DDL vs DML statements in SQL: A storytelling approach for Data Engineers and Data Scientists
Imagine you’re a data engineer or data scientist, and you’re tasked with building a new data warehouse. You need to start by creating the database structure, and for that, you’ll need to use DDL statements. DDL stands for Data Definition Language, and it’s used to create, alter, and drop database objects, such as tables, views, and indexes.
Once you’ve created the database structure, you can start filling it with data using DML statements. DML stands for Data Manipulation Language, and it’s used to insert, update, delete, and select data from database tables.

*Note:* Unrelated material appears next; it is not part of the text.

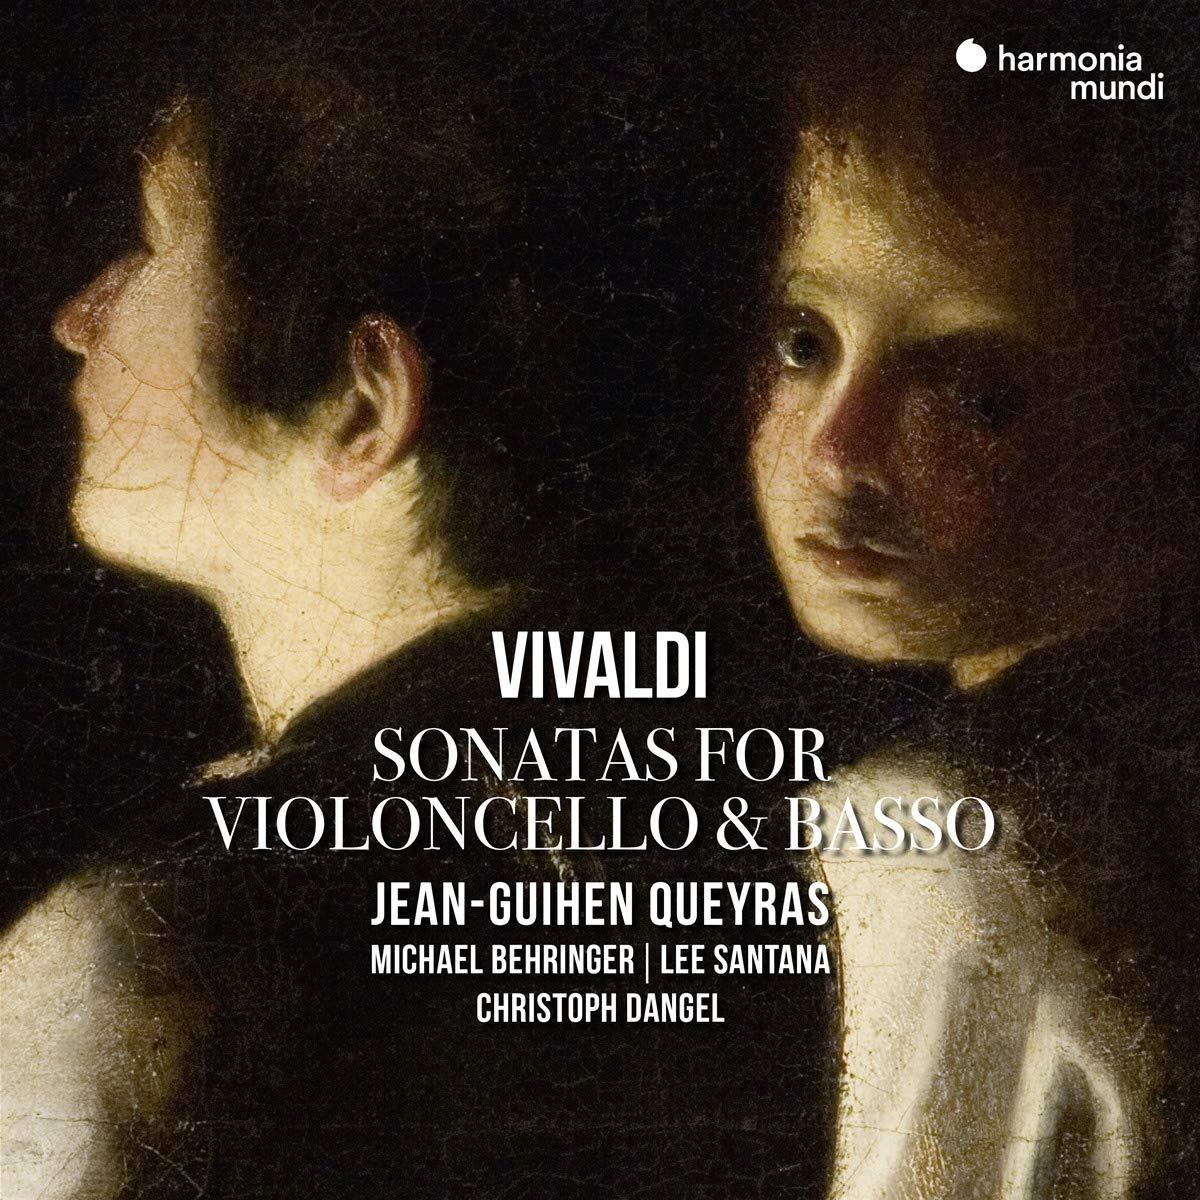 CD : Jean-Guihen Queyras - Vivaldi: Sonatas For Cello & Basso Continuo (CD)

Here’s a simple analogy to help you understand the difference between DDL and DML statements:
Imagine you’re building a house.
DDL statements would be like the blueprints for your house. They define the overall structure of the house, such as the number of rooms, the size of the rooms, and the location of the doors and windows.
DML statements would be like the actual construction of the house. You use DML statements to add new rooms, change the size of rooms, and move doors and windows.
In the context of data engineering and data science, DDL statements are used to create and manage the database structure that will store the data.
DML statements are used to manipulate the data in the database to perform tasks such as data analysis, machine learning, and data visualization.
Here are some specific examples of how DDL and DML statements are used in data engineering and data science:
- DDL: A data engineer might use DDL statements to create a database table to store customer data. The DDL statements would define the structure of the table, such as the column names and data types.
- DML: A data scientist might use DML statements to query the customer data table to identify the top ten customers by revenue. The DML statements would be used to select the relevant data from the table and to sort it by revenue.
DDL statements:
- CREATE TABLE: Creates a new table in the database.
- ALTER TABLE: Modifies the structure of an existing table.
- DROP TABLE: Deletes a table from the database.
- CREATE VIEW: Creates a virtual table that is based on one or more existing tables.
- CREATE INDEX: Creates an index on a column in a table to improve the performance of queries.
DML statements:
- INSERT: Inserts a new row into a table.
- UPDATE: Updates the data in an existing row in a table.
- DELETE: Deletes a row from a table.
- SELECT: Queries the data in a table.
DDL and DML statements are essential tools for data engineers and data scientists. By understanding the difference between the two types of statements, you can use them effectively to build and manage databases, and to manipulate data for analysis and reporting.
Fun fact: DDL and DML statements are also used by other database management systems, such as MySQL, Oracle, and PostgreSQL. So, the skills you learn with SQL will be transferable to other database systems.